*** Given information Section Begins ***

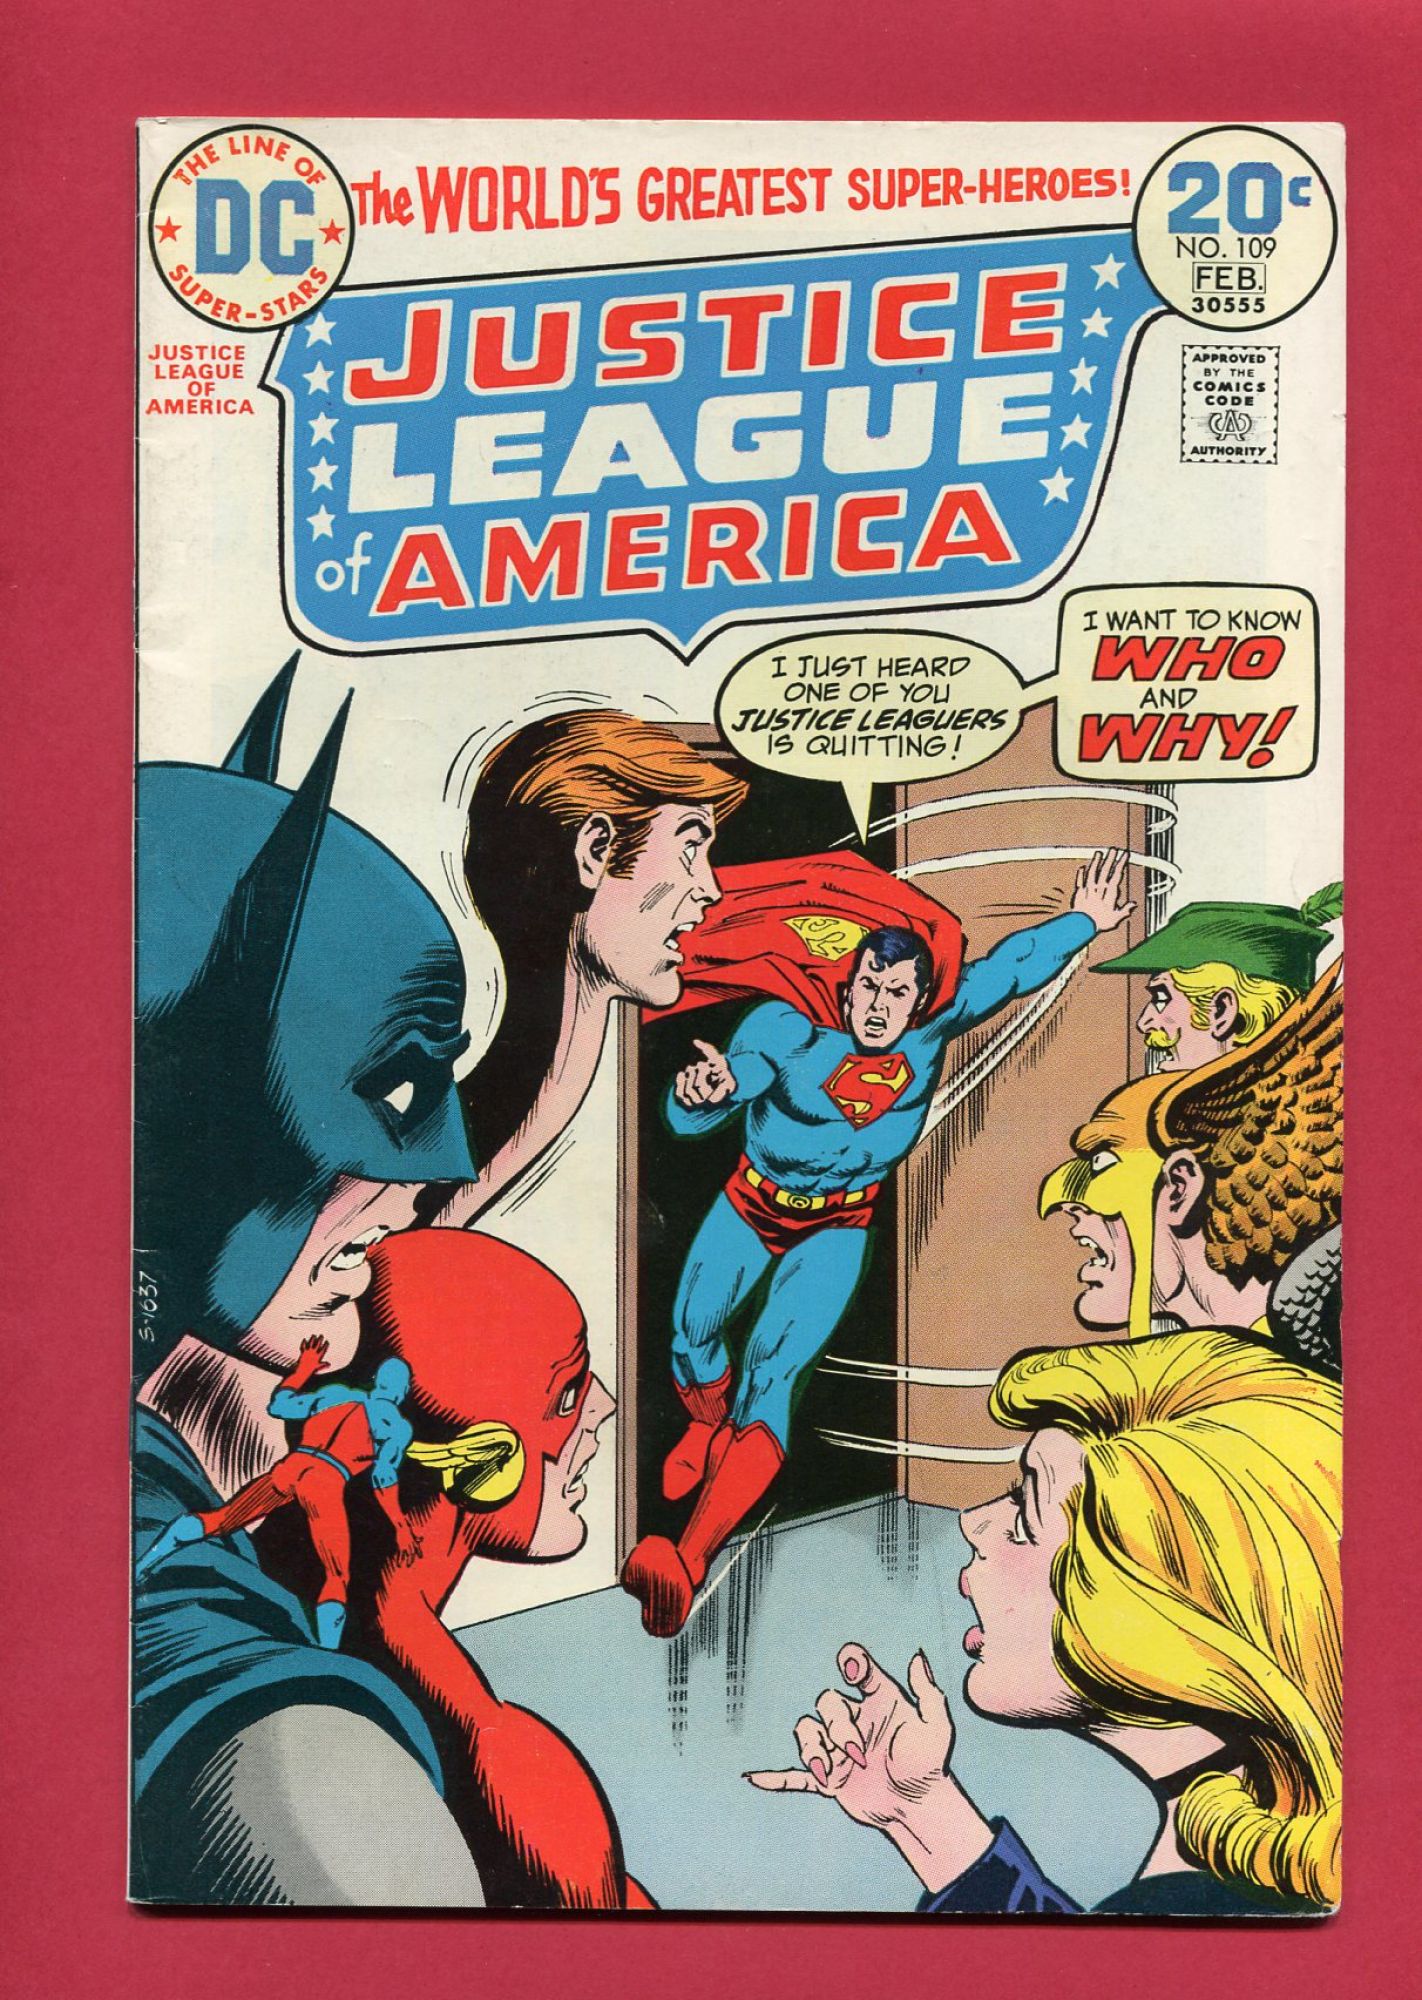 Justice League of America #109, Feb 1974, 6.5 FN+
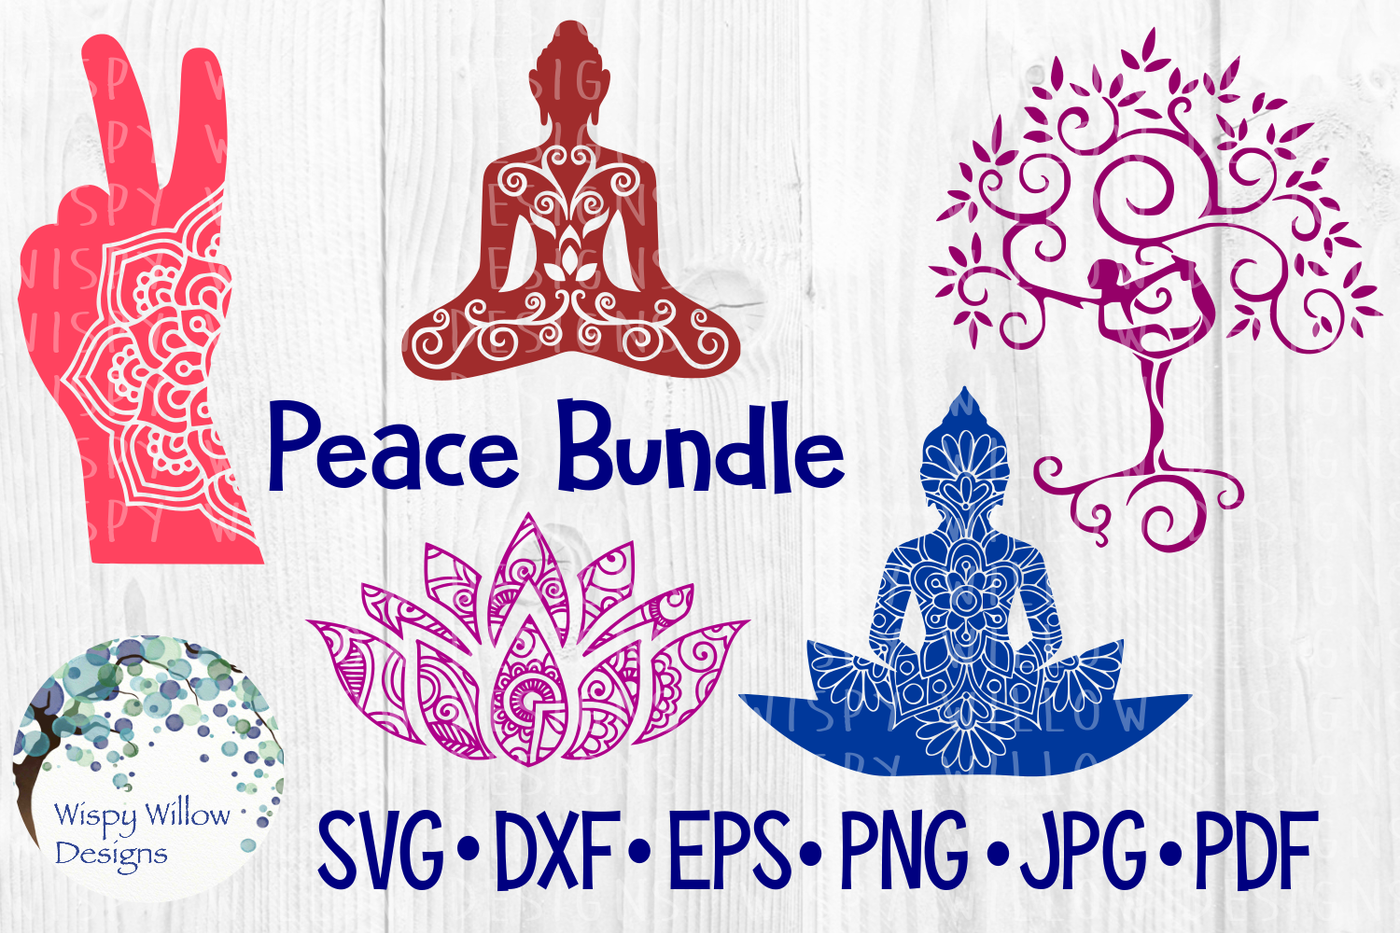 Peace Bundle Buddha Peace Sign Yoga Lotus Svg Dxf Eps Png Jpg Pdf By Wispy Willow Designs Thehungryjpeg Com
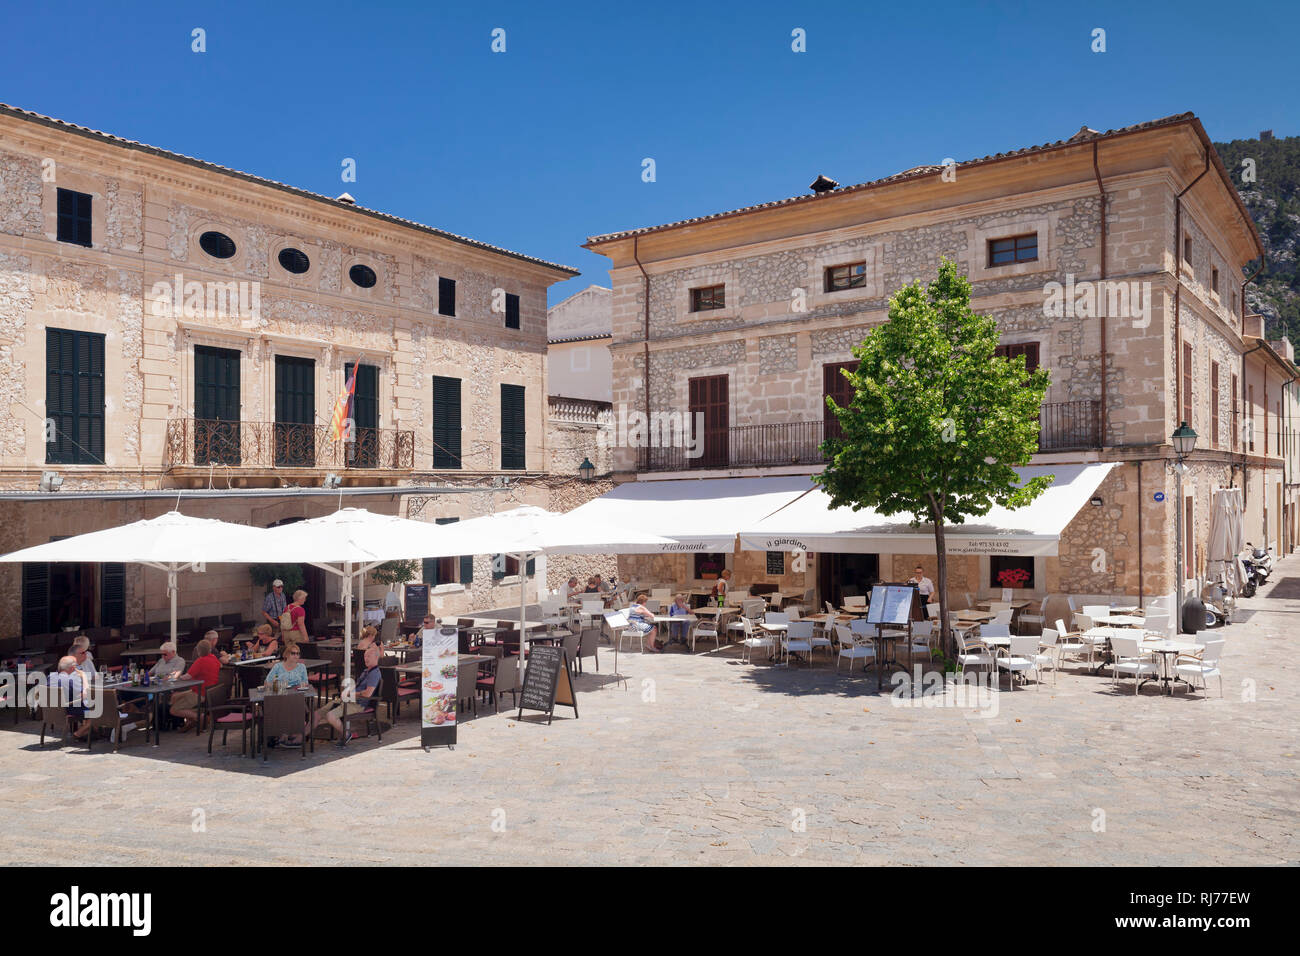 Restaurants und Straßencafes am Marktplatz Placa Major, Pollenca, Mallorca, Balearen, Spanien Stock Photo

*** Given information Section Ends ***

→ Problem details: Repeat the material above word for word but skip the images.

→ Answer space:
 Justice League of America #109, Feb 1974, 6.5 FN+
 Peace Bundle Buddha Peace Sign Yoga Lotus Svg Dxf Eps Png Jpg Pdf By Wispy Willow Designs Thehungryjpeg Com
 Restaurants und Straßencafes am Marktplatz Placa Major, Pollenca, Mallorca, Balearen, Spanien Stock Photo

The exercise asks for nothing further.